At issue is the practice by the Western Area Power Administration to build power lines with more capacity than it needs to distribute hydroelectric power from federal dams - and to allow the excess to be used by public power systems to expand their markets.The General Accounting Office said it generally finds nothing illegal about the practice, according to a report to Rep. George Miller, D-Calif., chairman of the House Interior Subcommittee on Water and Power Resources. The report, finished in December, was just recently made public.
The GAO suggested that Congress may still want to review the matter to ensure it approves of the policy's results.
The report was prompted by complaints from UP&L and others about a proposed $34.8 million WAPA transmission line between generating stations at Craig, Colo., and Bonanza, Uintah County, Utah.
UP&L has sued to stop WAPA from building it, contending it would have much excess capacity. The federally subsidized line could allow exchange agreements between public power agencies enabling their expansion into areas served by UP&L.

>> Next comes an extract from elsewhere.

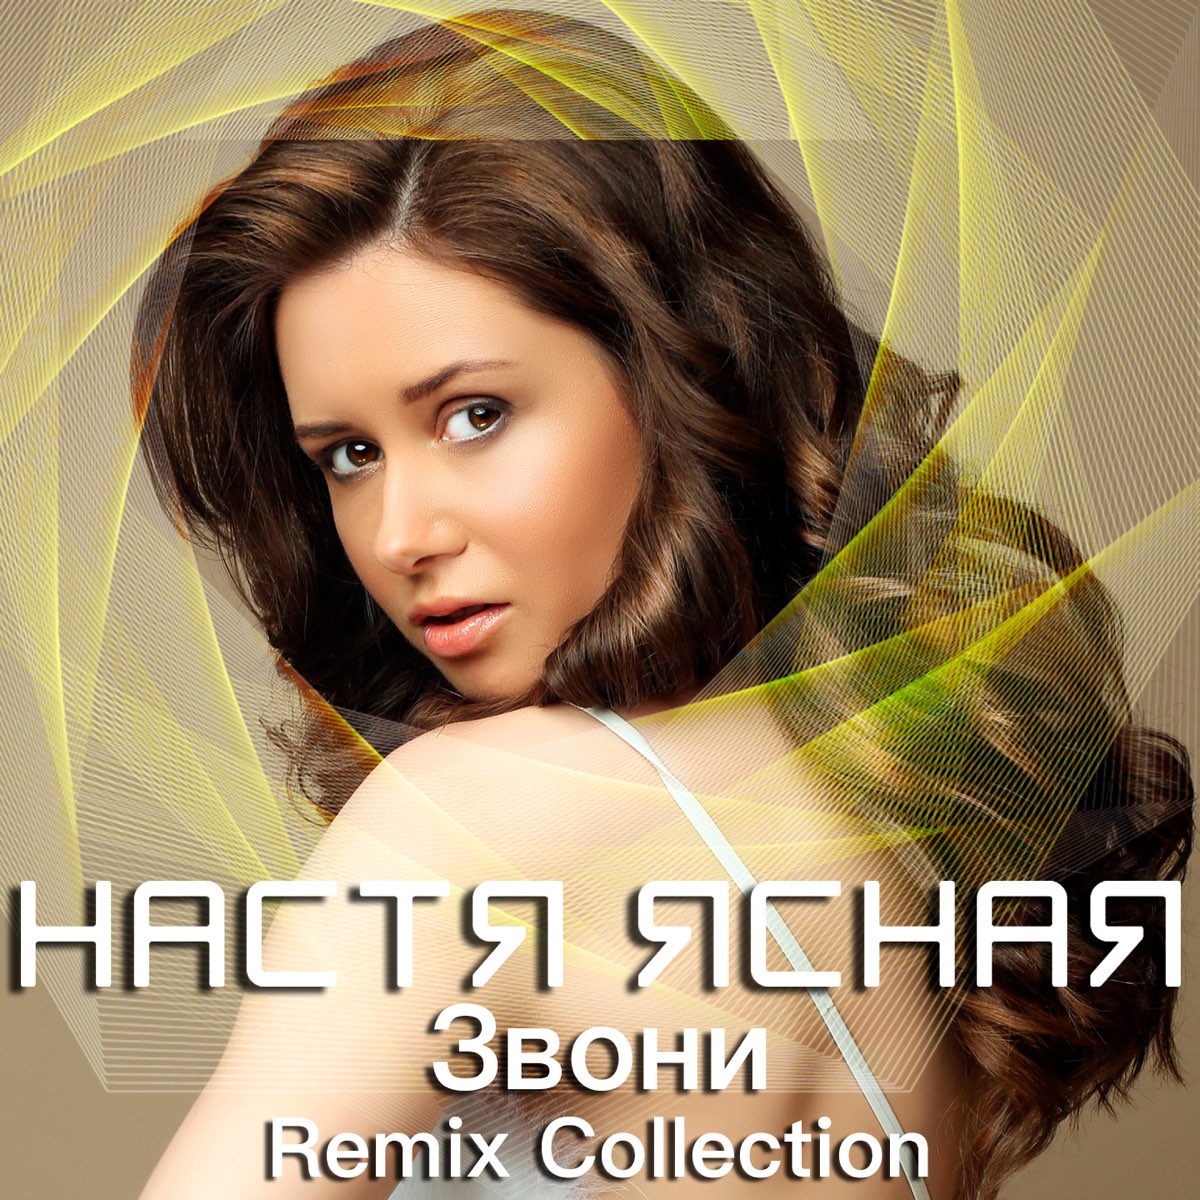 Remix collection. Настя Ясная. Настя Ясная - моя любовь (альбом 2012). Коллекция Remix. Песни Настя Ясная.

The GAO would not express an opinion about whether the Bonanza/Craig line is legal because of pending lawsuits. But it said it found nothing illegal in 26 other similar line construction projects by WAPA.

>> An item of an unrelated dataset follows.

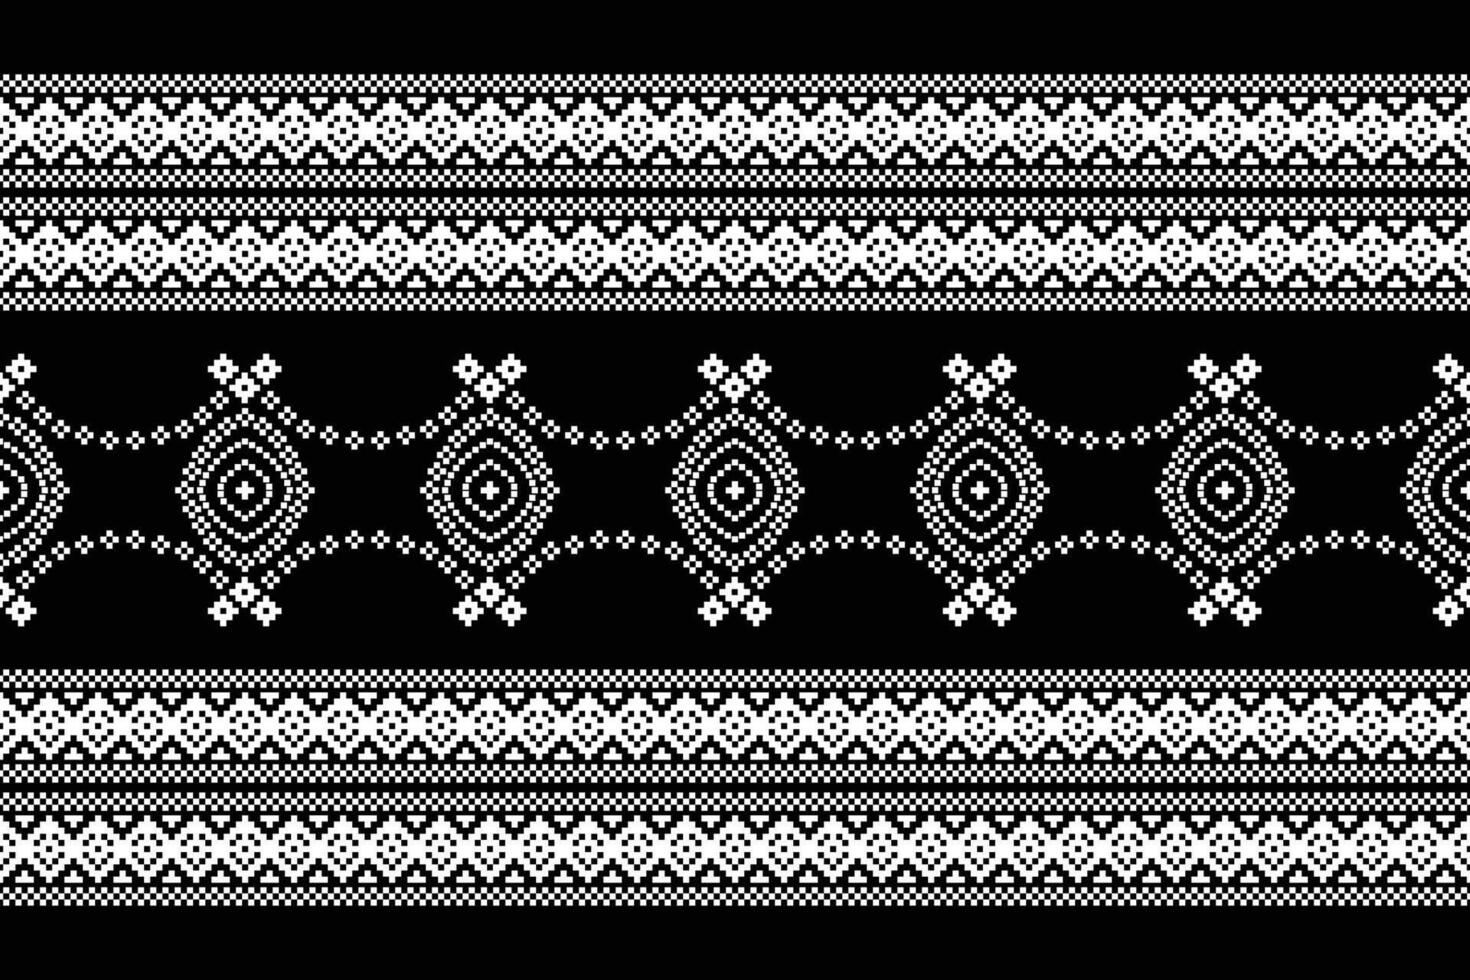 traditionnel noir ethnique motifs ikat géométrique en tissu modèle traverser point.ikat broderie ethnique Oriental pixel noir arrière-plan.abstrait, illustration. texture, décoration, papier peint. vecteur

Lloyd Greiner, WAPA's Salt Lake area manager, said WAPA's authority to build the line was upheld in federal district court recently. He said the primary purpose of the line was to enhance service reliability for federal power contracts with Utah customers. At present, only a single line is available from western Colorado into northeast Utah.
Greiner said UP&L was involved in the initial planning of the line and was familiar with the technical aspects of the project from the beginning. He said the intent of the line is not to serve new customers. He said the extra capacity is intended to serve future growth in the area.

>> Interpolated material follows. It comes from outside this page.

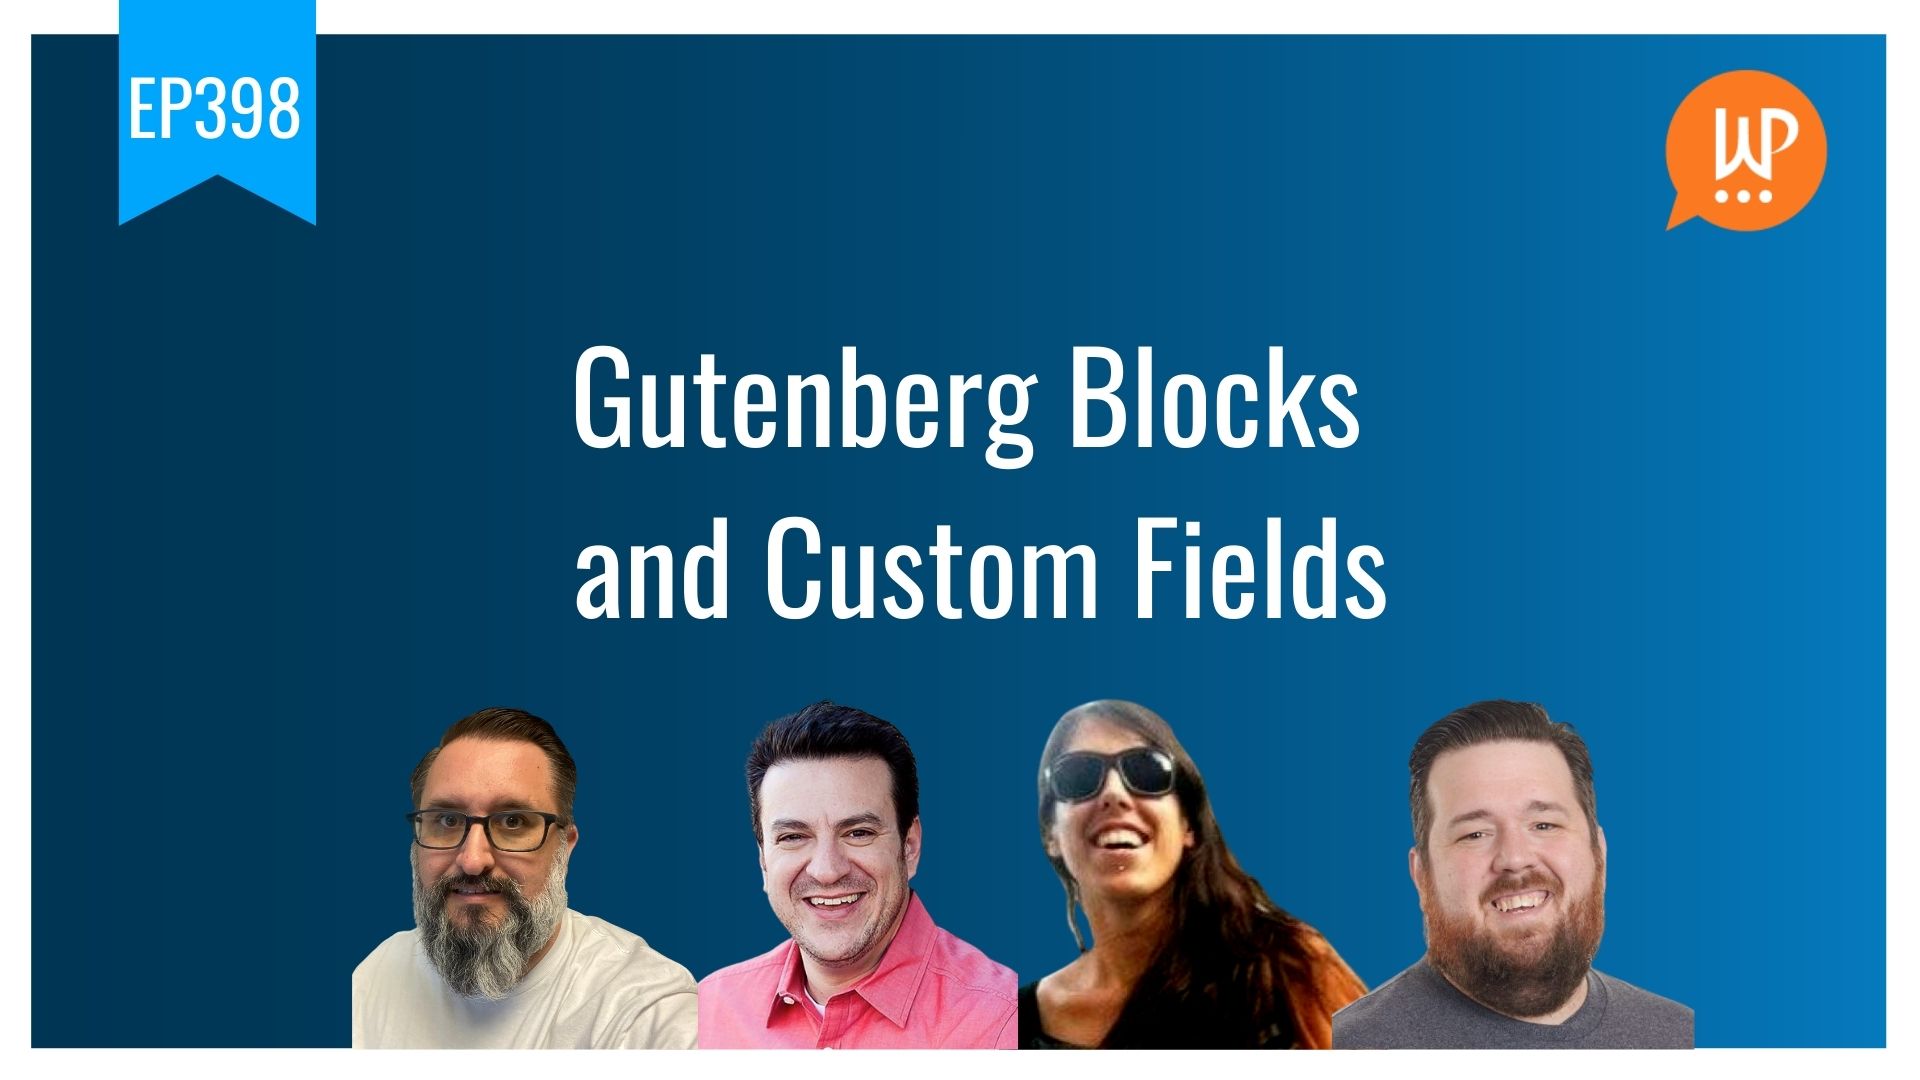 EP398 - Gutenberg Blocks and Custom Fields

Alene Bentley, Utah Associated Municipal Power Systems spokeswoman, said the excess capacity will eventually be used by member cities and co-ops to meet new growth in existing markets. UAMPS and two Colorado-based groups are participating in funding the line's construction.
The GAO report also confirmed some of UP&L's fears, saying, "Representatives of two other utilities confirmed that they are, in fact, participating in Craig/Bonanza to gain access to new markets.
"These public utilities are in a surplus generating position and they see Craig/Bonanza as a transmission path to obtain sales to Utah and California.
"UP&L may also be concerned that the line would permit power from Colorado to flow through Utah to the 500 kilovolt line in western Utah and on to California. As a result, UP&L could lose potential markets elsewhere."
The report said WAPA justifies building such power lines to increase the reliability of its delivery of federally generated power to public power agencies.
It said extra capacity often results, which helps accommodate unplanned electricity flow and can compensate for unexpected loss of a line or other system failures.
The report said WAPA also says some line construction projects would not be cost-effective without the added revenues coming from selling the use of excess capacity to public power companies, and sharing construction costs with them.
For example, WAPA officials estimated revenues from use of excess capacity on the Craig/Bonanza line to exceed $5 million a year. The report also said Craig/Bonanza's total cost was estimated at $34.8 million, with WAPA estimated to pay up to $22.6 million and the rest paid by other power agencies.